Back to the Pew report -- We should be able to have discussions about reasonable regulation that protects the environment. Does this mean that snail darters win out over farmers? Not if we can demonstrate that there aren't unintended effects of losing the snail darters (Star Trek IV remains the quintessential example of unintended consequences!). In an emergency, do we break a levee and put fertilizer and other pollutants in the Mississippi? Yes, if the costs of not doing that are too great.  Can't we acknowledge, as I wrote in my last post, that racism has limited choices for people that still matter without thinking that means that folks are sitting around waiting for government handouts? (The OK state senator did back down from that claim but my point is that it didn't need to be said in the first place!).

I could keep doing this with the various aspects of the Pew quiz or with current policy options. Isn't it clear that we need an appropriate level of tax revenue to provide the right level of government and that maybe we could look at changing tax incentives for large farms, energy companies, multinational corporations, and maybe even limit (or at least means test) the home mortgage interest exemption?

I'm currently reading Desiring the Kingdom: Worship, Worldview, and Cultural Formation by James K. A. Smith of Calvin College. I'm only about a third of the way through it, but Jamie' s point is that the Christian College focus on "worldview" becomes an overly intellectualized argument that doesn't deal with the formation of heart or character.
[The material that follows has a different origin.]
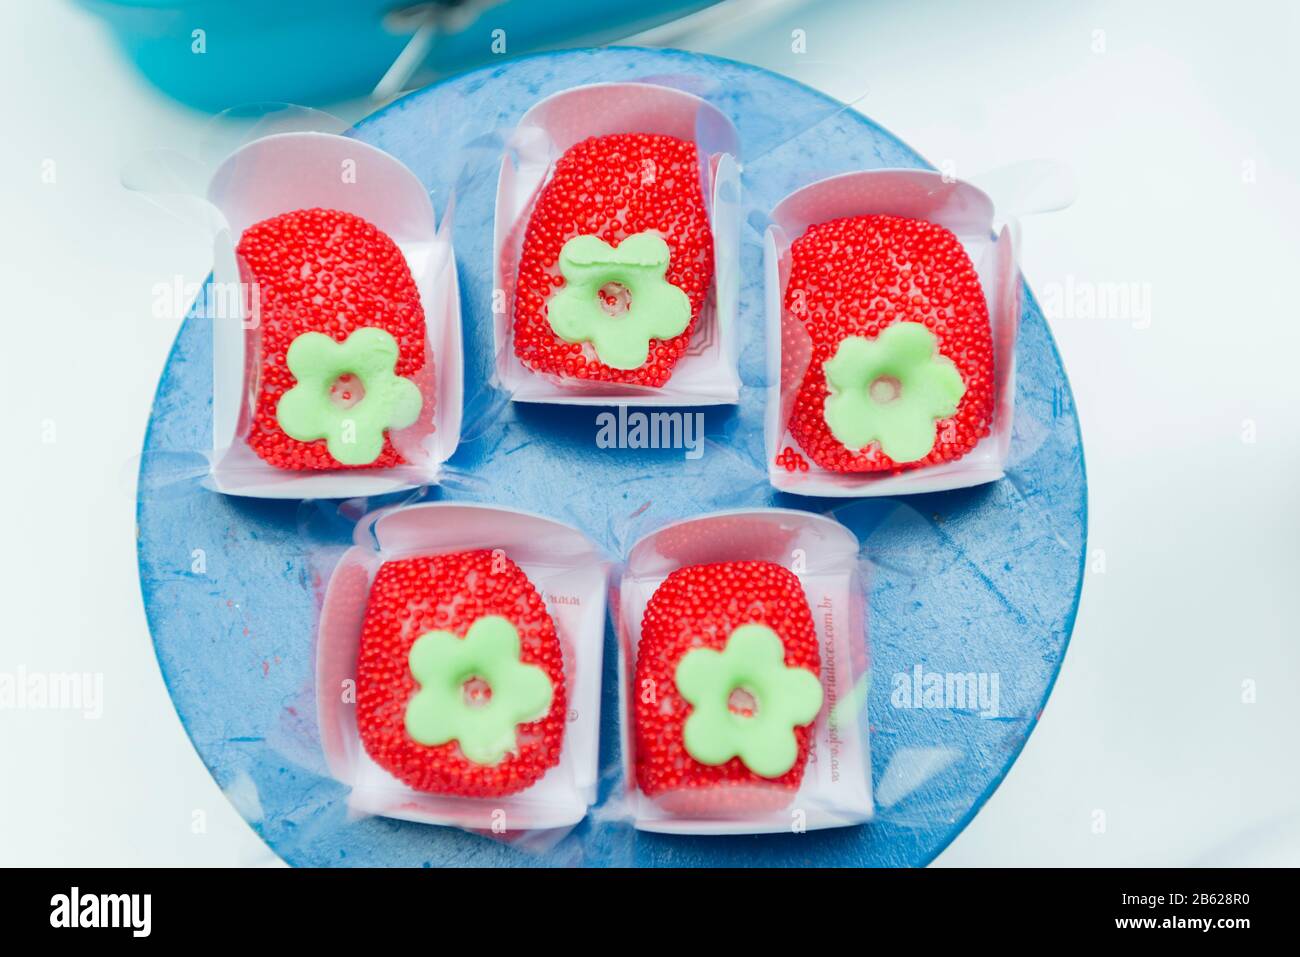 Bonbons de fête pour enfants en forme de fraise. Bonbons saupoudrés rouges dans une boîte en papier blanc sur un plateau bleu avec peu de profondeur de champ. Mise au point sélective. Banque D'Images

I really am coming to believe that our focus on political philosophies, even those suggested by Kohut, is not productive. Like Jamie argues, it allows us to give the "right answers" but doesn't accomplish change. Perhaps if we were less focused on whose political view was in ascendancy and focused on rethinking our pragmatic strategies, we'd be further along. What if we defined our intended outcomes first (e.g., affordable health care for senior citizens) and then consider all the possible means to get there?

This has been fun to write. In spite of my quiz answers, I'm no longer a Solid Liberal. I'm a Radical Pragmatist. I think I can live with that quite happily. Maybe I'll work on a survey.